Greater London is enduring one of the highest rates of joblessness in the country while a key West End business sector has seen a steep fall in sales according to newly released figures.
The latest unemployment figures from the Office for National Statistics (ONS), released today, put the capital’s seasonally adjusted rate at 4.6 per cent of its population aged 16 and over compared with a UK figure of 3.8 per cent. Only the north-east, at 5.1 per cent, is faring worse.
Also released today, findings from a survey by the Heart of London Business Alliance business improvement district body, which represents over 600 businesses in the West End, say that those operating in hospitality and leisure have suffered an average 20 per cent loss in sales compared with normal levels, ironically due to staff shortages, with 19 percent of positions presently vacant.
Heart of London says its figures indicate that West End hospitality is in a worse position than the sector nationally, as a UK Hospitality national survey earlier this year found a relatively small 16 per cent drop in sales resulting from staff shortages with only 15 per cent of available jobs unfilled.
The organisation’s chief executive Ros Morgan said the West End numbers demonstrate that “as London gets back to business, recruitment has become an existential issue facing the West End’s hospitality sector” with businesses “unable to open their doors, not because of lack of demand but because of a lack of staff. It’s like another lockdown for businesses, but this time without support from government”.

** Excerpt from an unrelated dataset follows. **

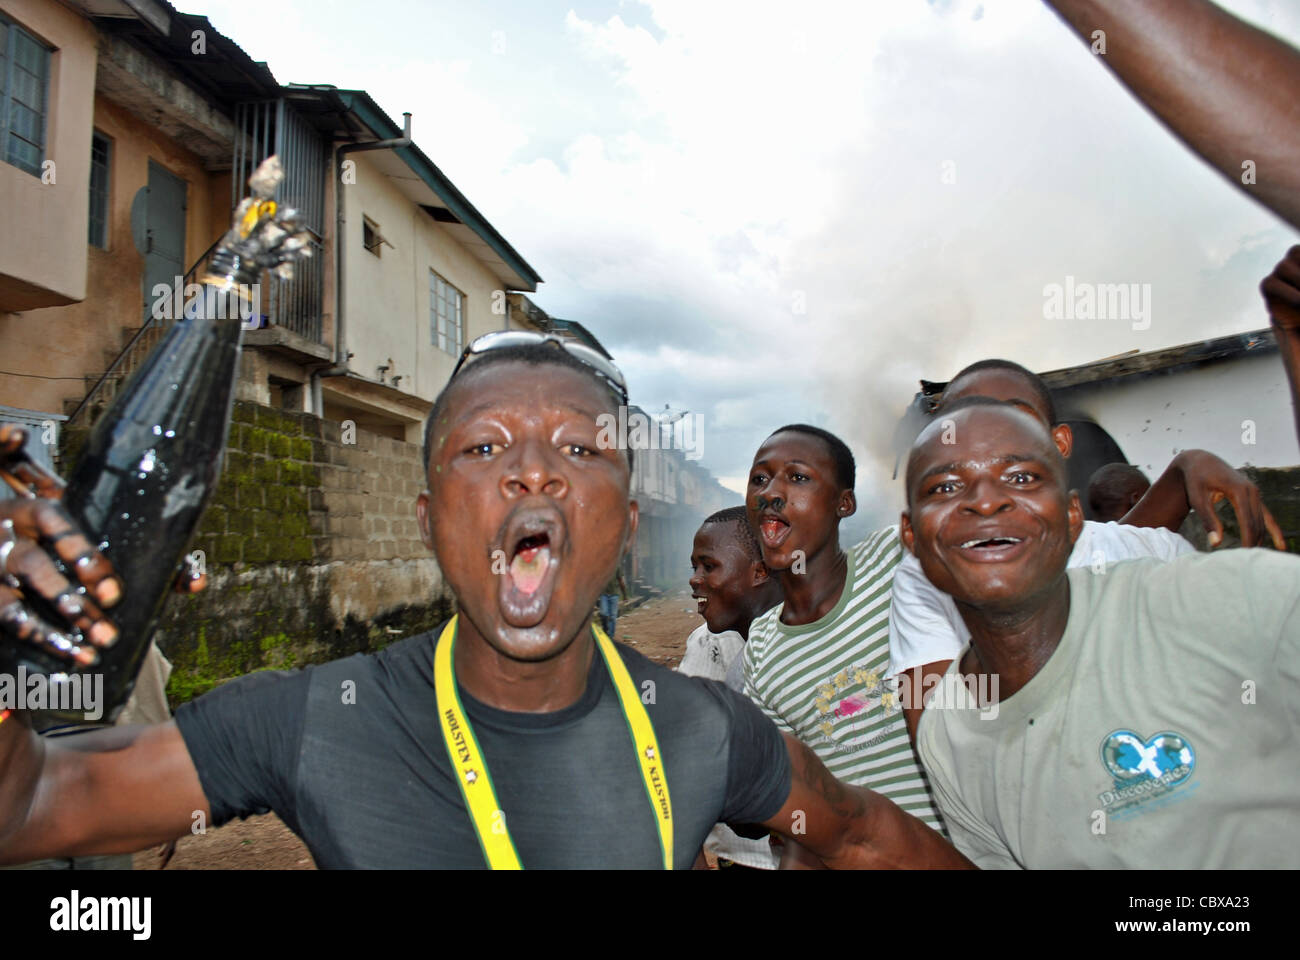 Les partisans du SLPP Julius Maada Bio candidat rampage avec cocktails Molotov au cours de la violence politique dans la ville de Bo, Sierra Leone Banque D'Images

Claire Harding, research director for think tank Centre for London, said the ONS unemployment figures for the capital serve as “a strong reminder that the capital shares challenges with many other regions in the UK. Although Londoners are often perceived as better off than those who live elsewhere, the city’s residents face the same economic realities seen in cities and towns across the country.”
The collapse in numbers working in hospitality in London and elsewhere has been found to be related to both Brexit and the pandemic, with the ONS recently finding that almost 100,000 European Union nationals had left jobs in accommodation and food services nationally in the two years to June 2021, representing a fall from 42 per cent of workers employed in those areas to just 28 per cent.